Directions for this task | Look through the entries below and copy exactly the part that begins with the line containing "The will to win" and ends with the line containing "Fast Food French Fries". Do not copy the pictures.

Available data |
···

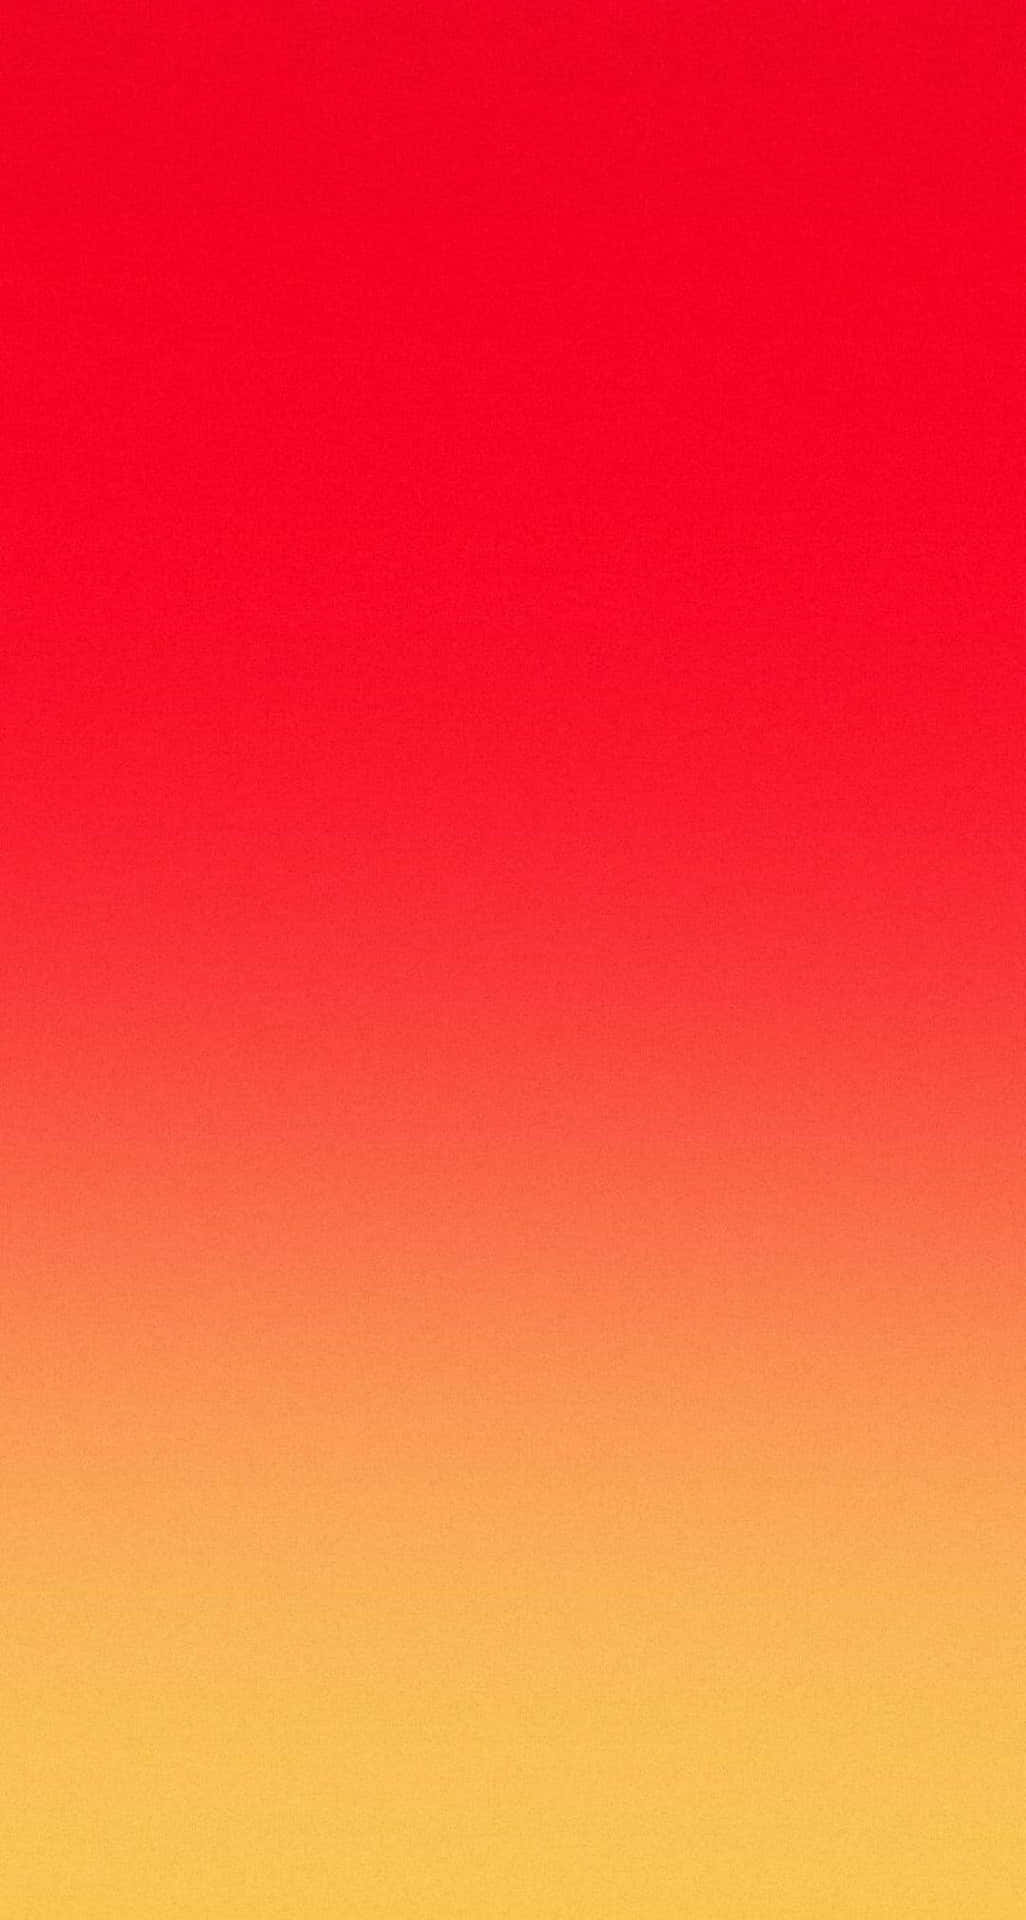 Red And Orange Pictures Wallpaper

···

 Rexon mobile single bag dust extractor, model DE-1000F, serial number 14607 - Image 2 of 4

···

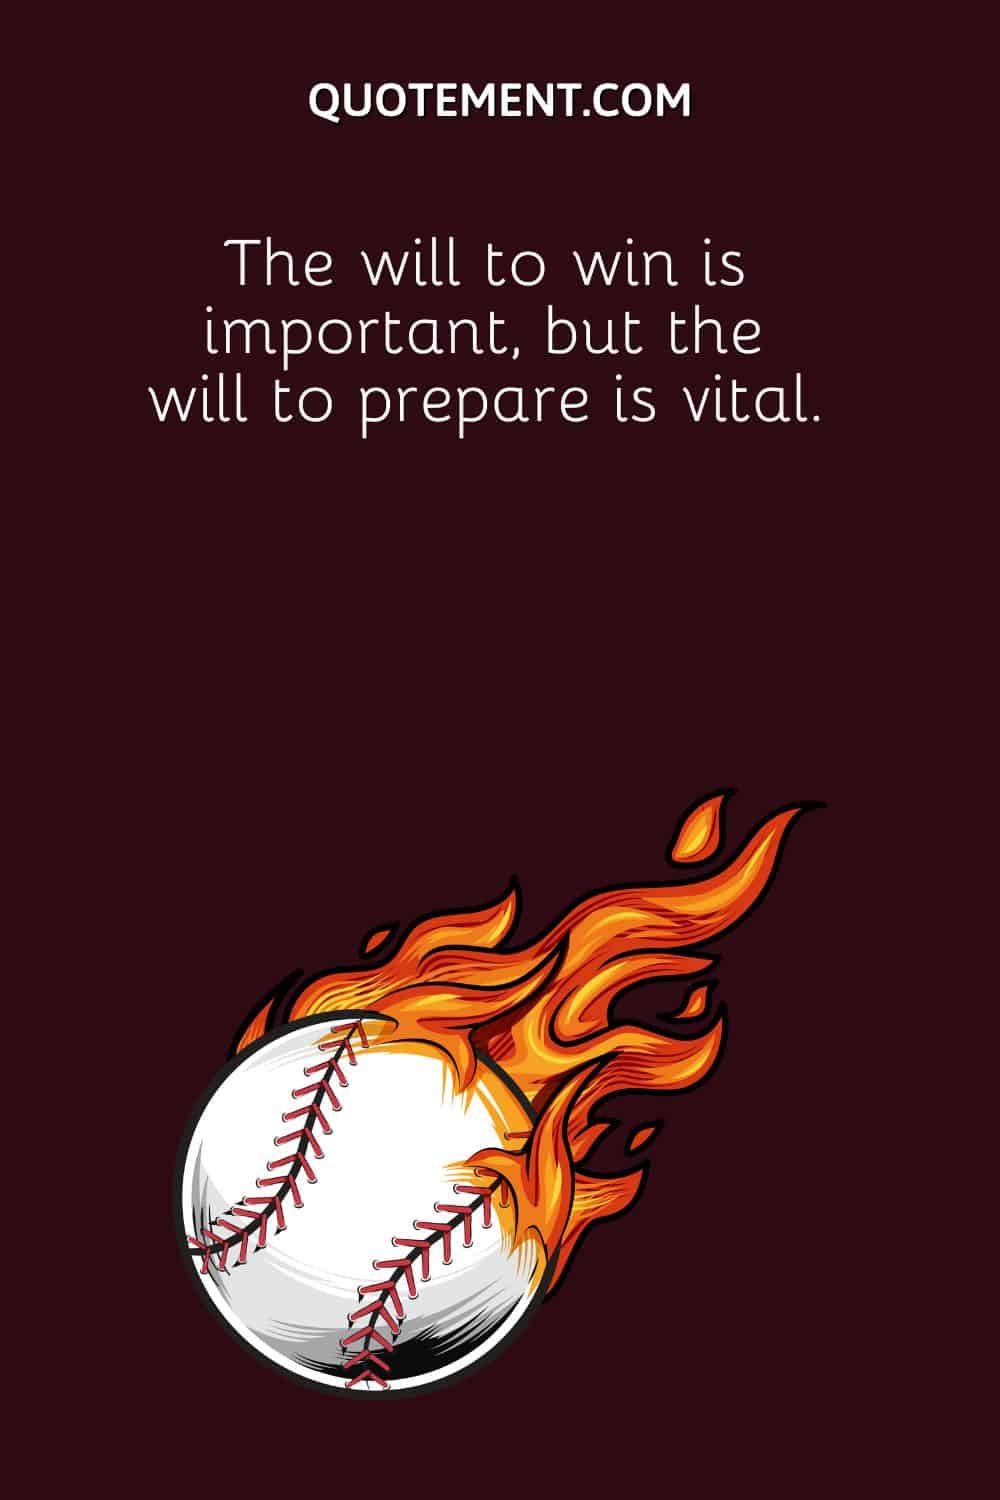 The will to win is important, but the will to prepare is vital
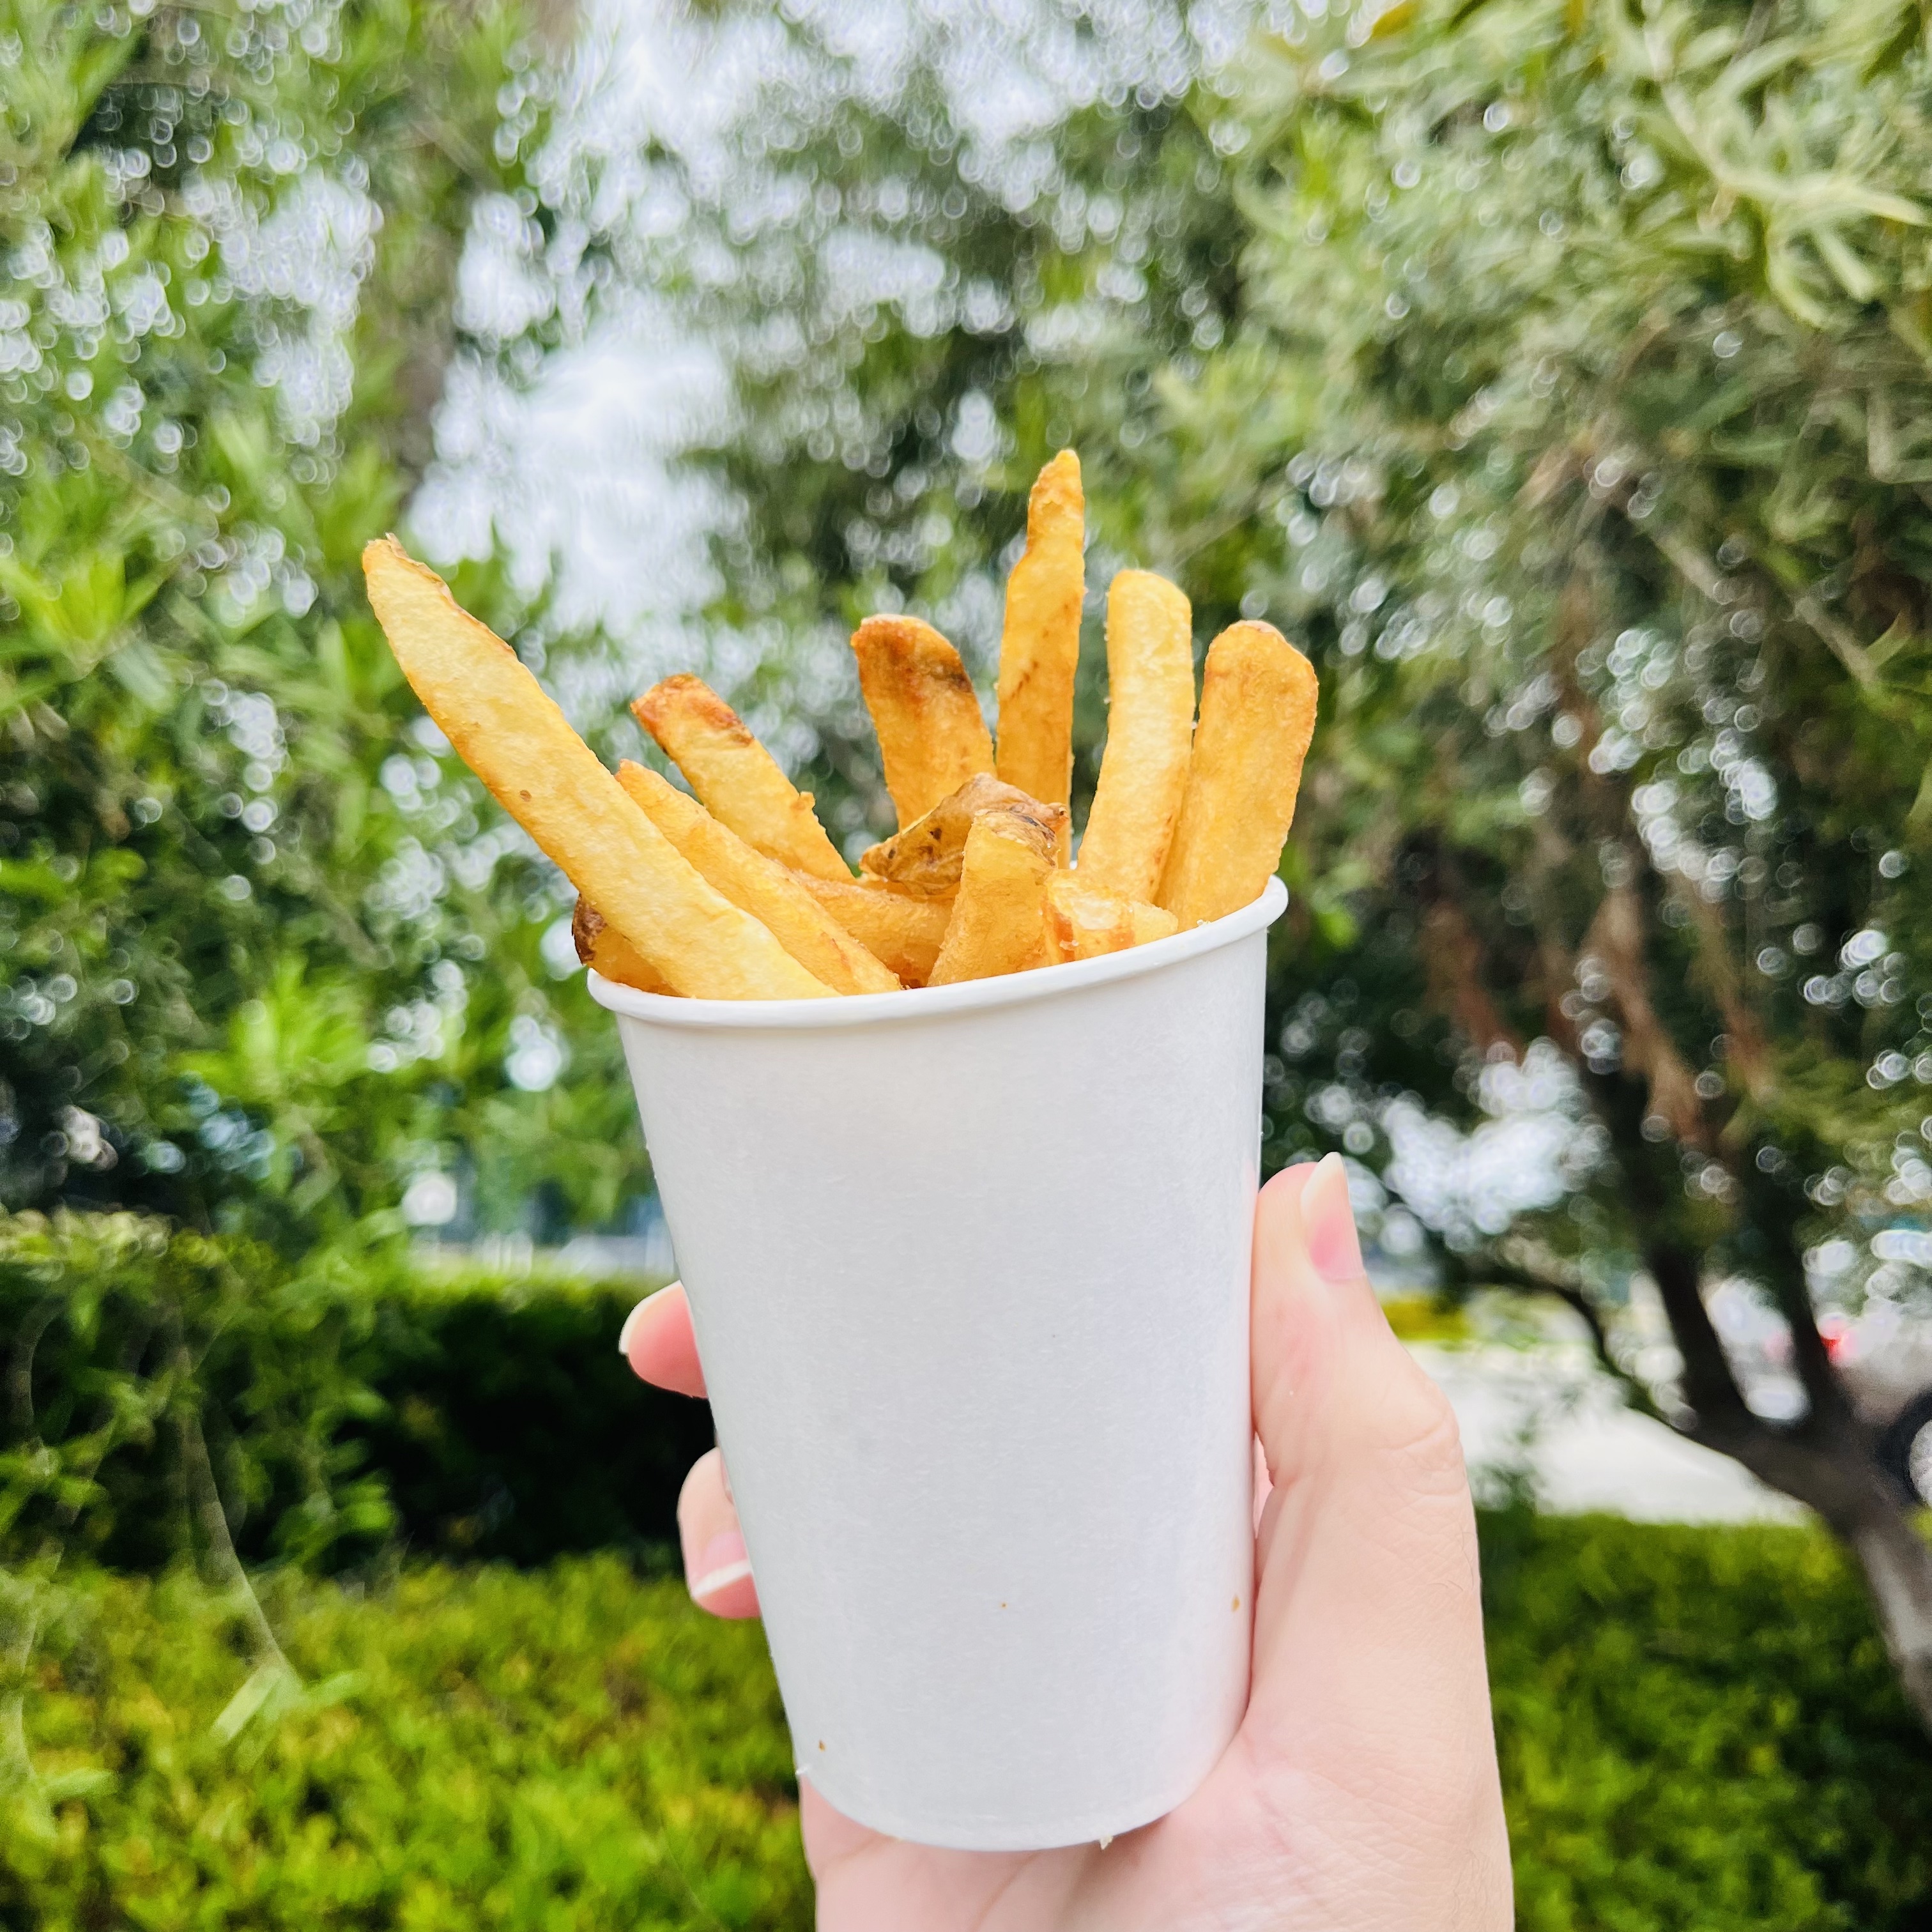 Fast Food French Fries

···

Response for this exercise |
 The will to win is important, but the will to prepare is vital
 Fast Food French Fries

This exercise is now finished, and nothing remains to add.